The association urged legislators to support the following measures:

  • Provide relief from the outdated Credit Union Member Business Lending Cap
  • Provide capital relief to credit unions
  • Allow credit unions to do more to help underserved populations
  • Modernize outdated governance provisions found in the Federal Credit Union Act
  • Raise the 15-year maturity limit on certain credit union loans
  • Modernize the E-SIGN Act
  • Provide emergency funding for CDFI Institutions and the CDRLF
  • Have federal financial regulators provide immediate regulatory relief:
    • Extend examination cycles for all credit unions in good standing. Currently credit unions below $1 billion in good standing are eligible for extended exam cycles.
    • Extend all upcoming mandatory compliance deadlines for at least 18 months, unless the regulation is in response to the current situation or includes regulatory flexibility.
    • Allow credit unions to conduct all board meetings or member meetings virtually.
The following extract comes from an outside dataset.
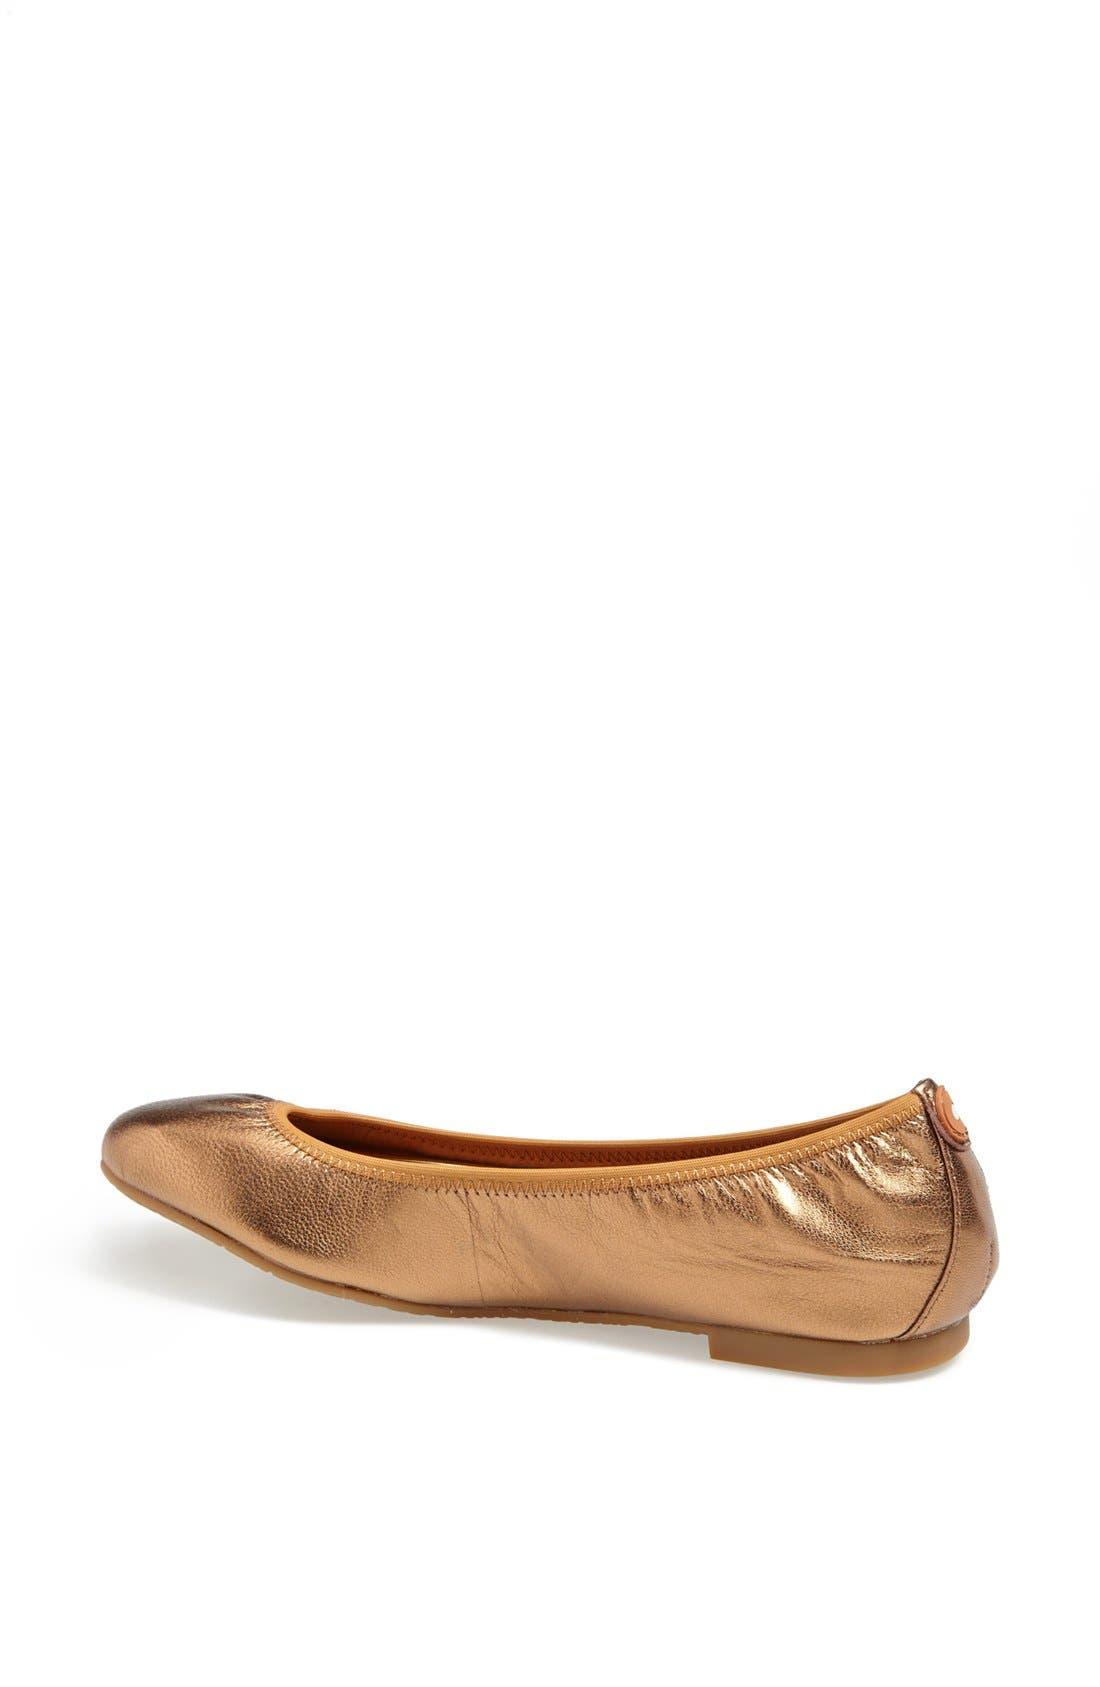 Alternate Image 2  - Juil 'The Flat' Earthing Metallic Leather Ballet Flat

In-person meetings would likely violate the current 10-person limit recommended by the CDC.
    • Require the CFPB and the NCUA provide flexibility to credit unions who work with their members to assist with COVID-19 relief. This includes capital level forbearance, waiving certain timing requirements at the request of the consumer, and not penalizing credit unions who make good-faith efforts to help their members.
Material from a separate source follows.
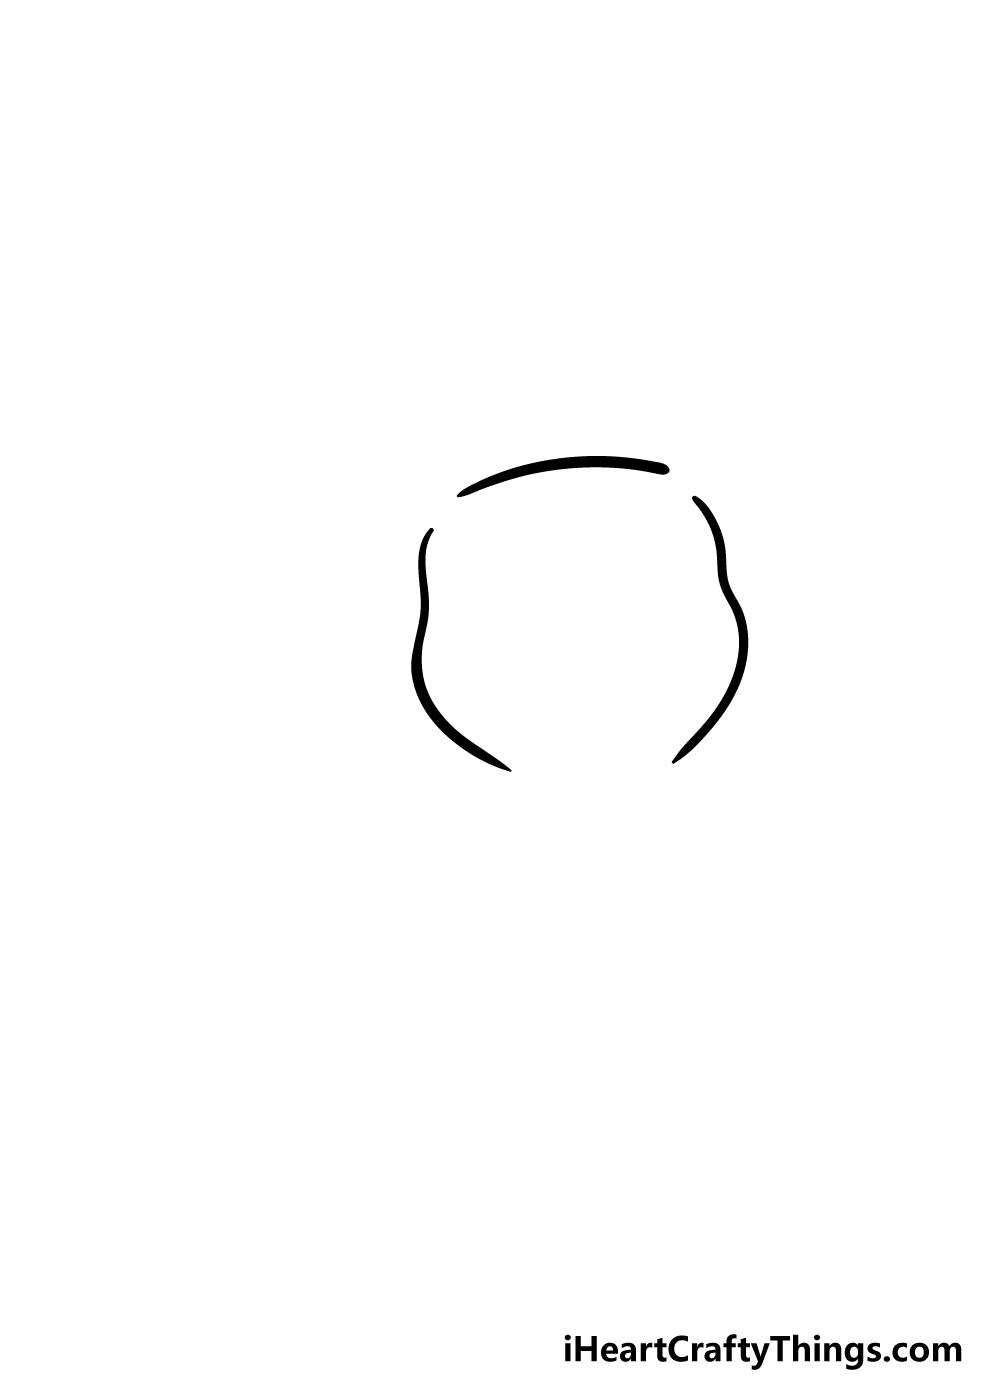 pikachu drawing step 1

“During times of economic crisis, credit unions always focus on their members and doing all that they can to help,” Berger wrote. “We are pleased that the NCUA has expressed flexibility during these difficult times, and we would urge you to support steps outlined in this letter to help credit unions.”

Finally, Nussle wrote to Consumer Financial Protection Bureau Director Kathy Kraninger after a recent meeting to express his thanks and reiterate talking points from their meeting.

“On behalf of the Credit Union National Association, I am writing to thank you for taking the time to speak with me regarding the COVID-19 pandemic and its impact on the consumer financial services marketplace,” Nussle stated. “This letter reiterates some suggestions made during our conversation and outlines additional actions the Consumer Financial Protection Bureau can take to be of assistance to credit unions as they help affected members.”

Nussle began by discussing the social distancing policies many offices have taken as the virus has spread around the country.

“These policies have resulted in many employers, including financial institutions, to adopt broad telework policies or to reduce staffing,” he wrote. “In addition, employers are embracing for the likelihood that employees may fall ill and be unable to work entirely. As a result, it is likely that many credit unions and third-party service providers are going to be operating short-staffed or with skeleton crews for a prolonged period.”

The staffing issues could cause processes to slow or temporarily stop, Nussle stated.

“Anticipating a likely short-staffing issue, CUNA recommends the CFPB act to provide flexibility for credit unions’ regulatory compliance responsibilities to ensure consumers are still able to access financial products and services if staff resources become in short supply,” he stated.

These recommendations include:

  • Avoid finalizing or implementing any new rules or initiatives that would add to burden or strain compliance resources;
  • Reduce onsite routine examinations so that credit union employees are not required to be in the office for unnecessary lengths of time and can dedicate their work time to focusing on serving members;
  • Consider pushing back or providing extensions for any 2020 filing deadlines, including Home Mortgage Disclosure Act reporting, credit card account agreement reporting, and others;
  • Adopt a policy of “good-faith efforts toward substantial compliance” during the compliance examination process once routine examinations resume after the pandemic;
  • Allow consumers to temporarily waive disclosure timing-requirements under the TRID rule (e.g. the three-day closing disclosure requirement); and
  • Provide temporary flexibility for disclosures and application processing timelines related to loss mitigation efforts, especially for COVID-19 related loan modifications, forbearance agreements, and repayment plans.